▶ Dataset extract
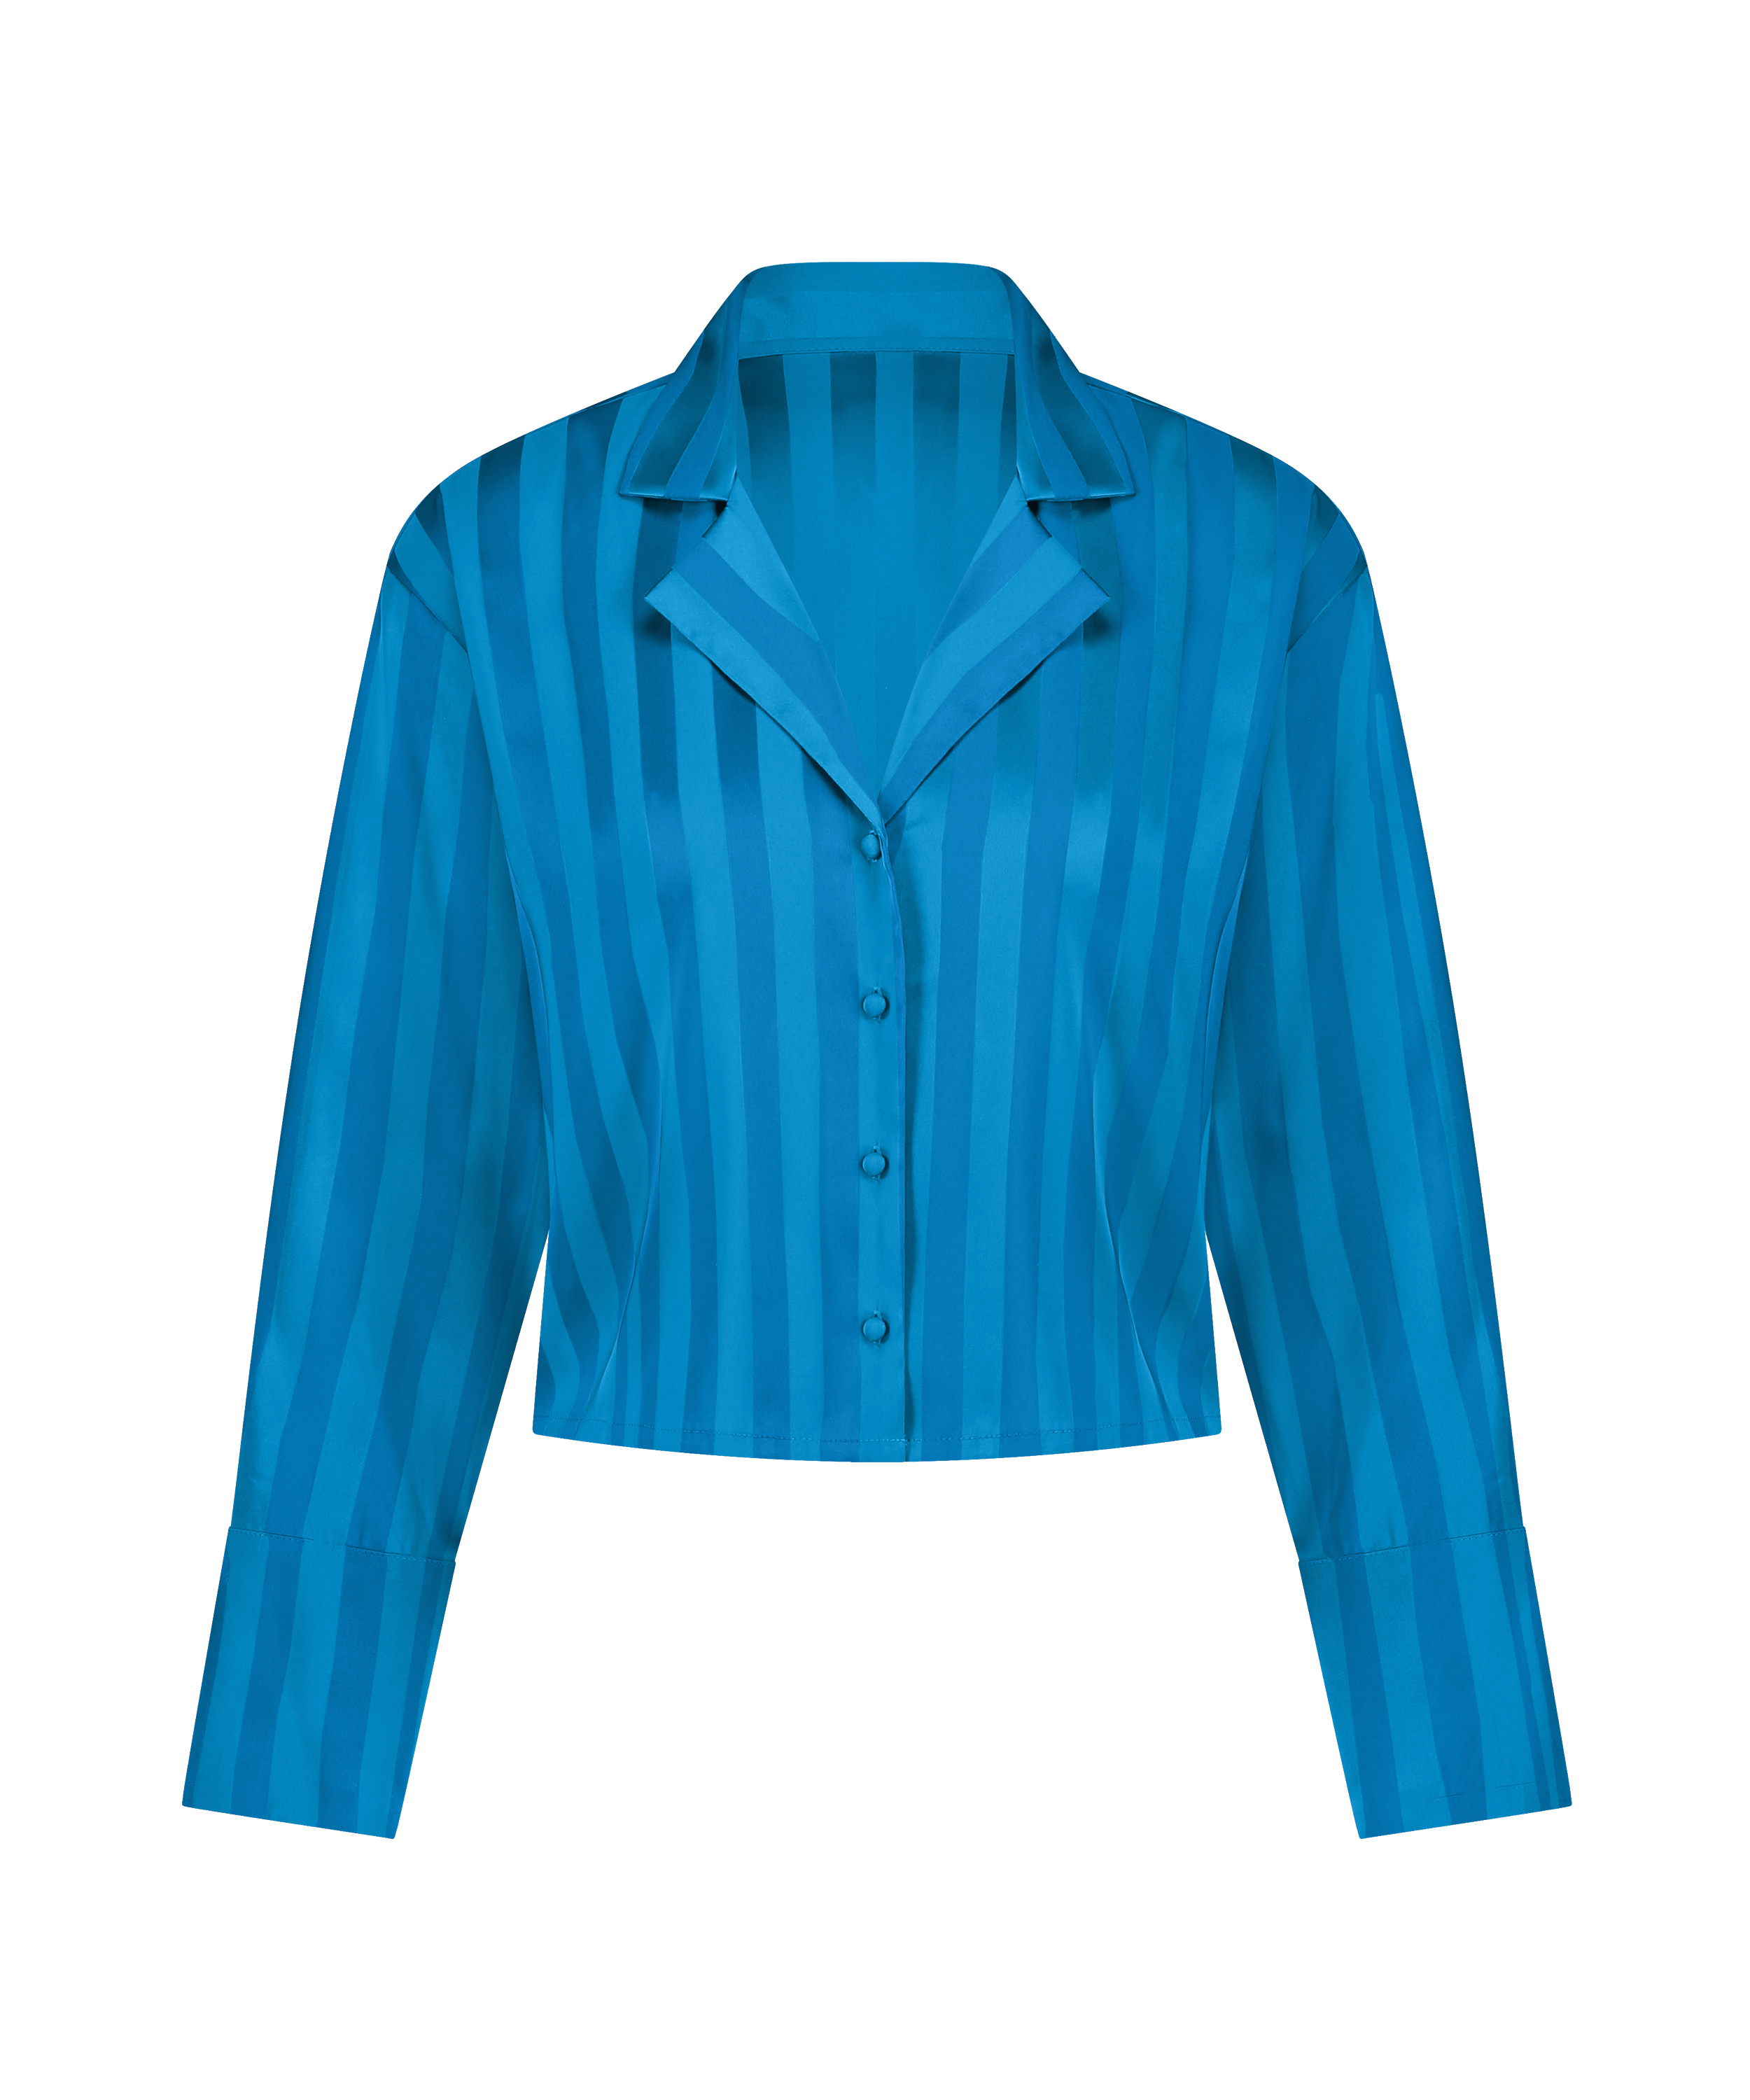 Satin Long-Sleeved Jacket, Blue, main
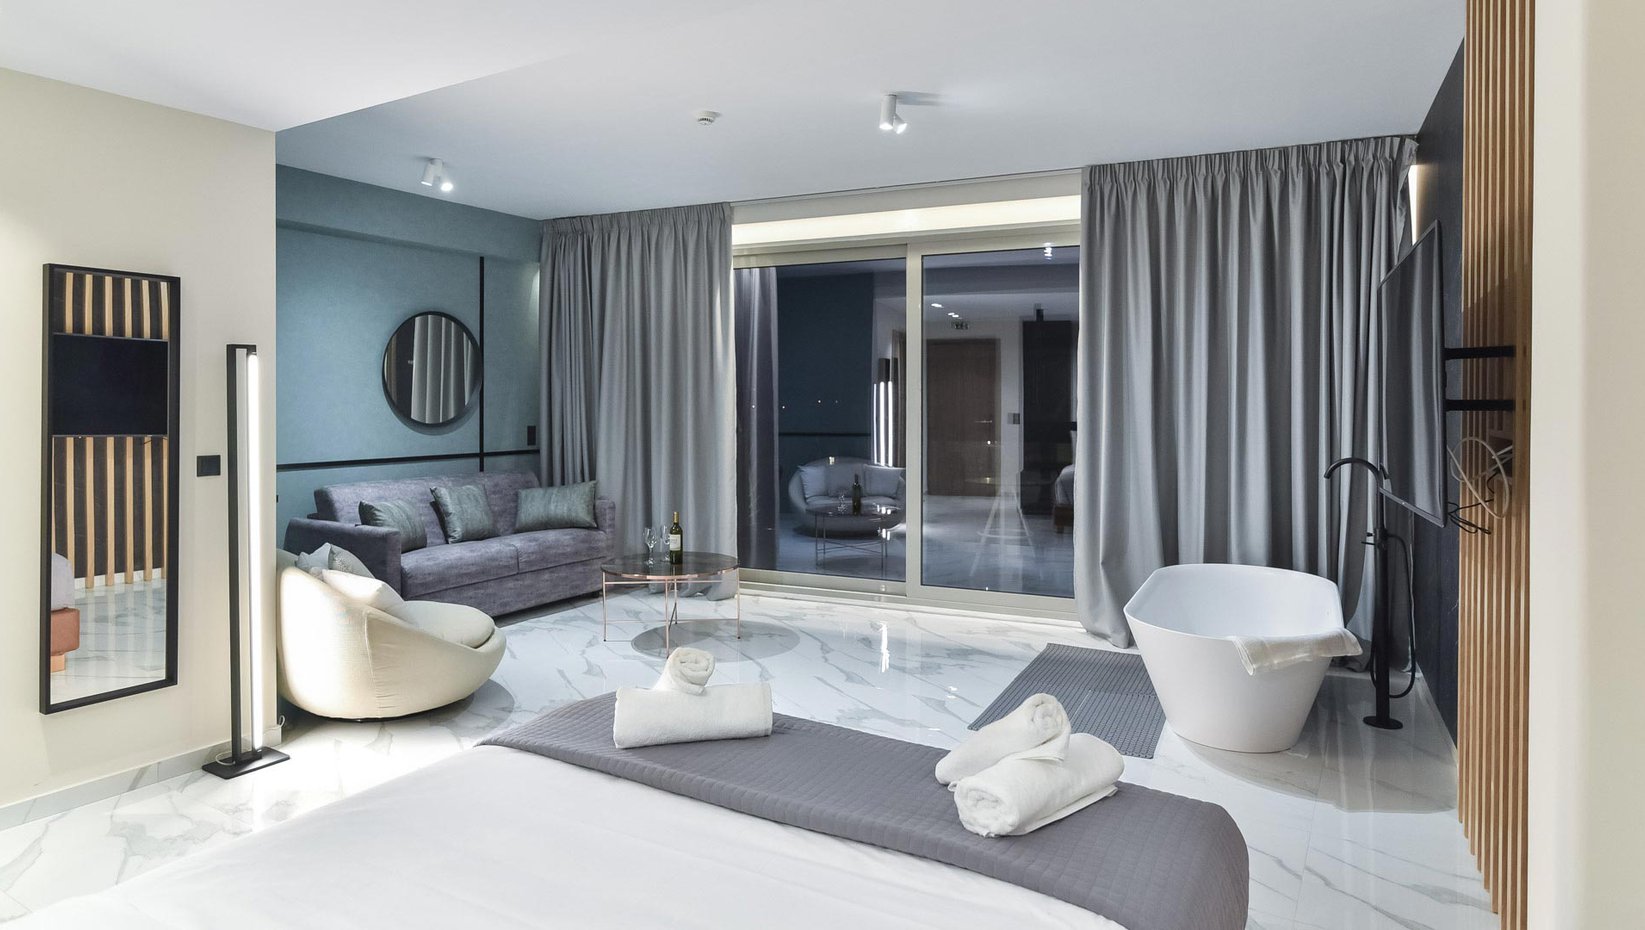 Enattica Suites, living room with a bathtub
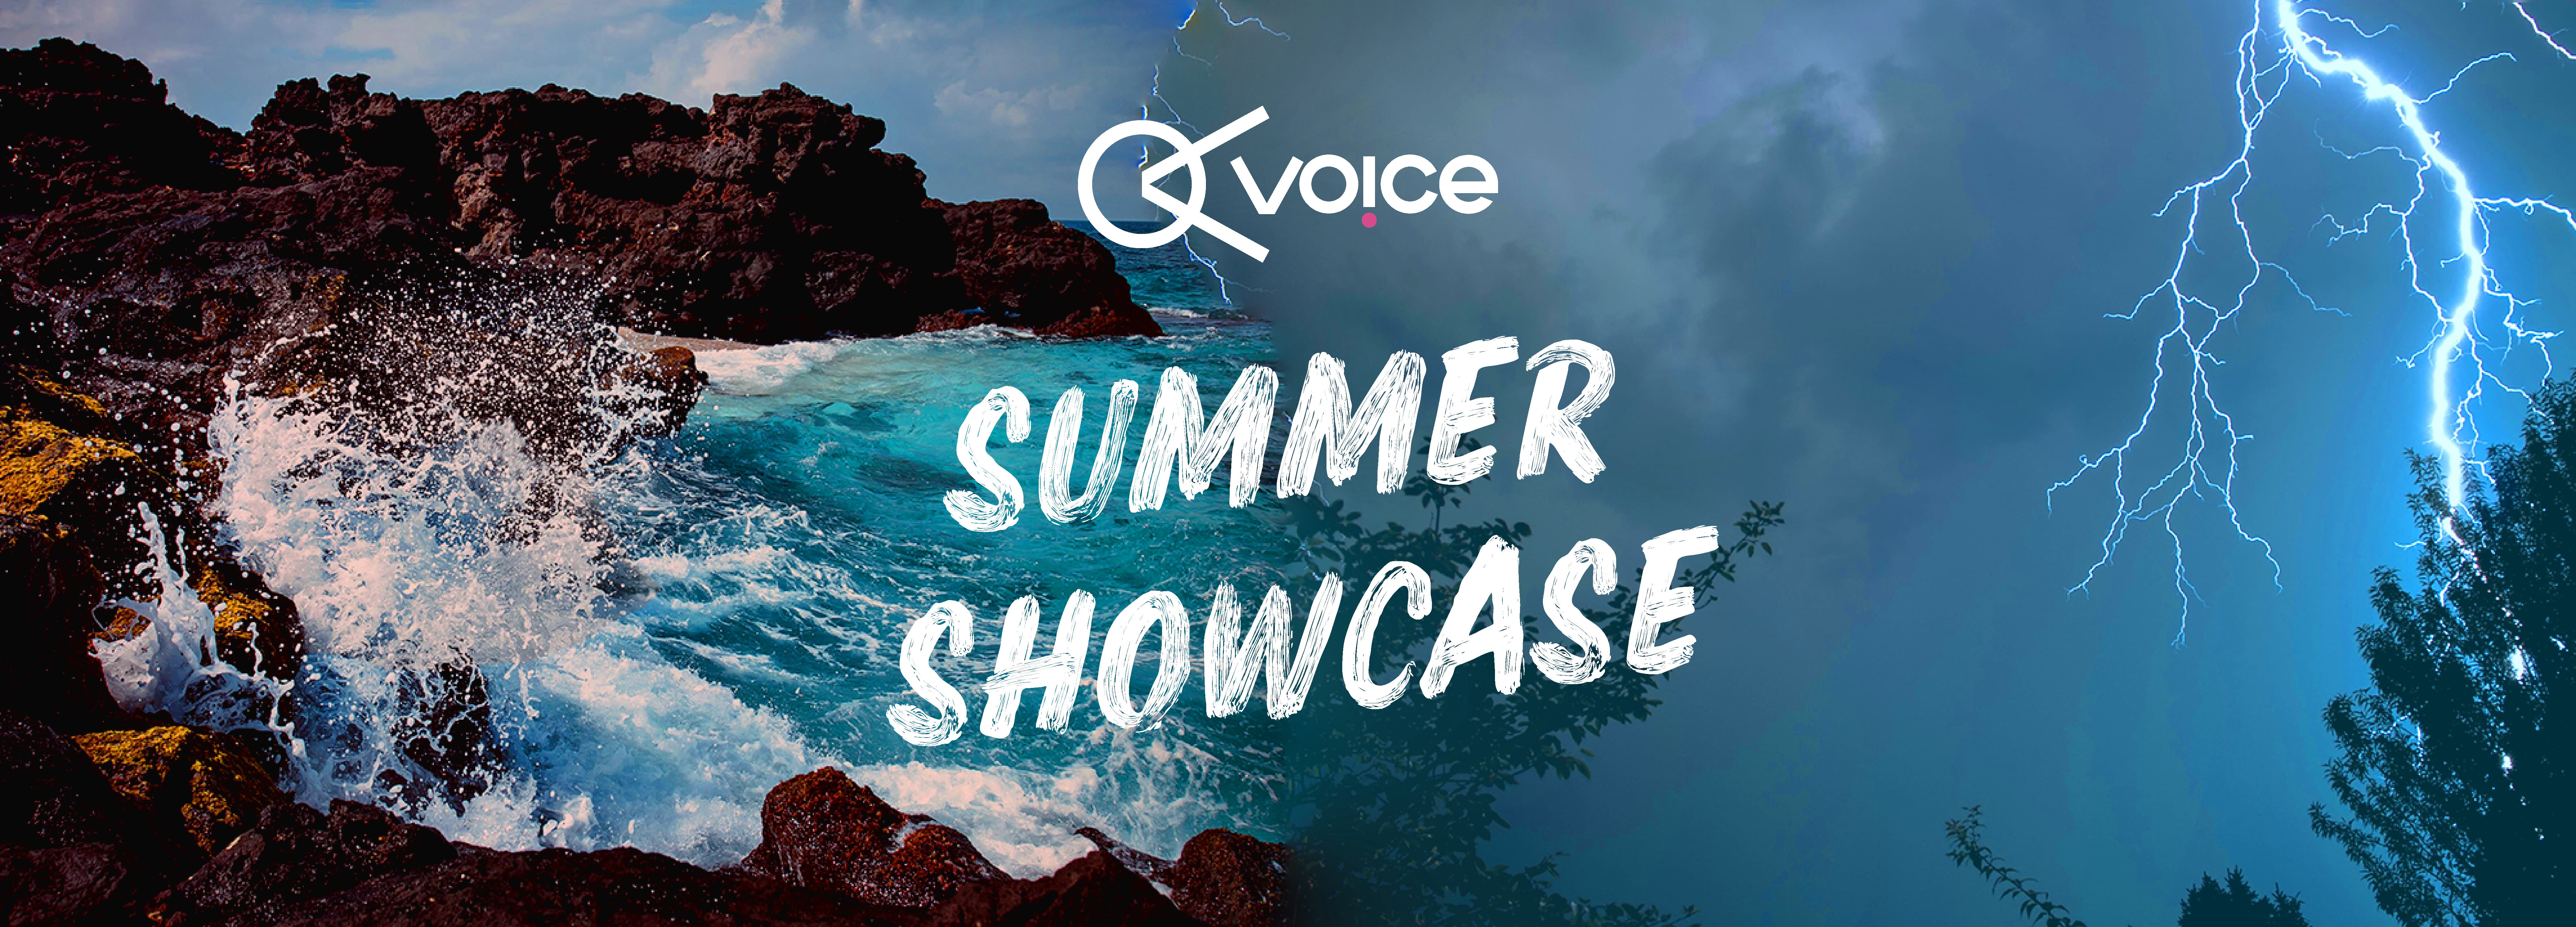 Voice summer showcase banner, showing crashing waves and lightning storm

▶ Activity
Reproduce the data above exactly, leaving out any picture in it.

▶ Answer for the task
 Satin Long-Sleeved Jacket, Blue, main
 Enattica Suites, living room with a bathtub
 Voice summer showcase banner, showing crashing waves and lightning storm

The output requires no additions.